If you watch many documentaries these days, you're sick of filmmakers putting their mugs and ruminations on camera, whether germane to the subject or not. But there's a real intensity to Ben-Levy's soul-searching in My Kid Could Paint That, as he weighs emotional attachment to the Olmsteads and their expectation of loyalty against his own nagging doubts and the golden prospect of a vérité exposé.
My Kid Could Paint That provokes on numerous levels. Regardless of whether she's all that or not, can so much scrutiny cynical or flattering be good for Marla? As the title suggests, Ben-Levy's film also examines deep populist hostility toward abstract (as opposed to traditional representational) art. Perhaps the only question this fascinating documentary doesn't address is one that lands between artistic-value and cult-of-personality terrains. If Marla Olmstead turns out not to be sole creator of these paintings, why are they suddenly worth less? The oil canvases are vividly colored, complex, often ravishing. I'd be thrilled to have a print, let alone an original.

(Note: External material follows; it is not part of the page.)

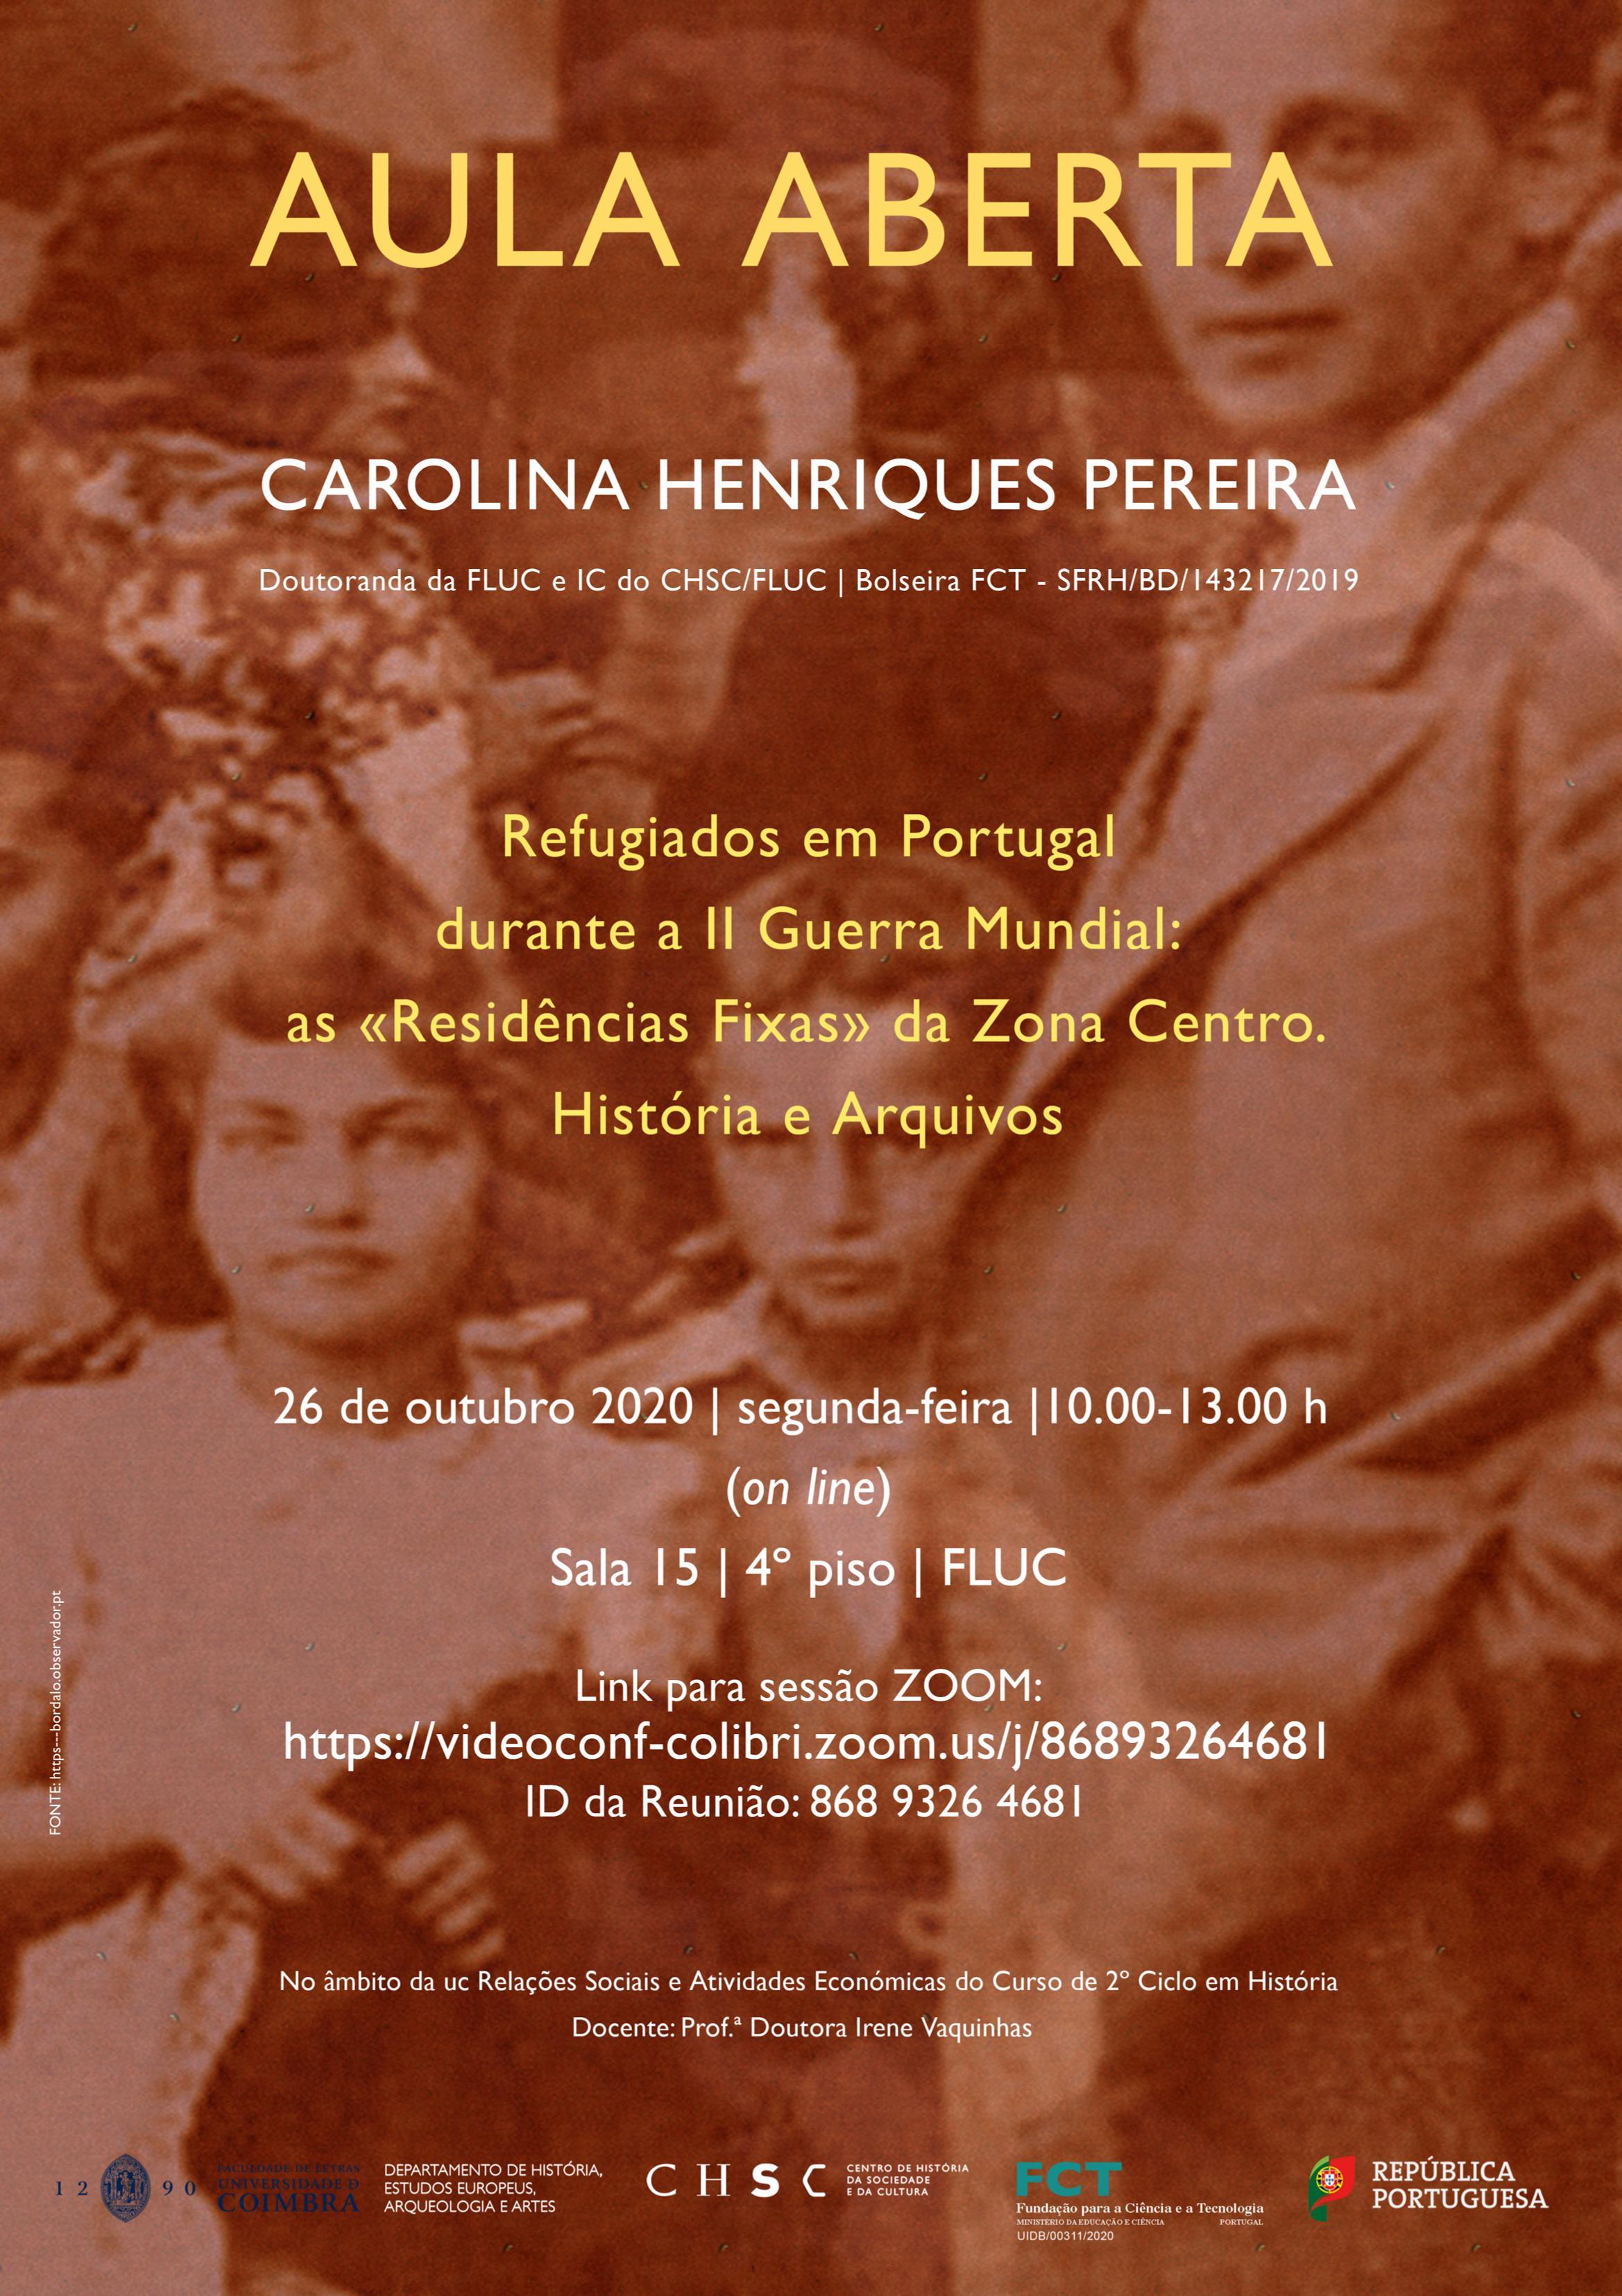 """AULA ABERTA – REFUGIADOS EM PORTUGAL DURANTE A II GUERRA MUNDIAL: AS """"RESIDÊNCIAS FIXAS"""" DA ZONA CENTRO. HISTÓRIA E ARQUIVOS"""

The creepiest folks in My Kid Could Paint That are those whose art appreciation gets turned off the moment it occurs they've enjoyed something possibly not created by an adorable, towheaded child. They've invested so much in the prodigy image they can't see the still-beautiful product that remains. They are pederasts of an acceptable sort people who only wuv something as long as it comes from a certifiably "pure" source. Innocence-fetishizing Mrs. Lovejoys are always the first to condemn adults who might well be damaged former prodigies themselves. It's a microcosm of the hypocrisy that raises hysteria over mythically elevated levels of child sexual abuse, while caring little about those myriad ill-raised kids who end up welfare mothers or otherwise inconvenient adults.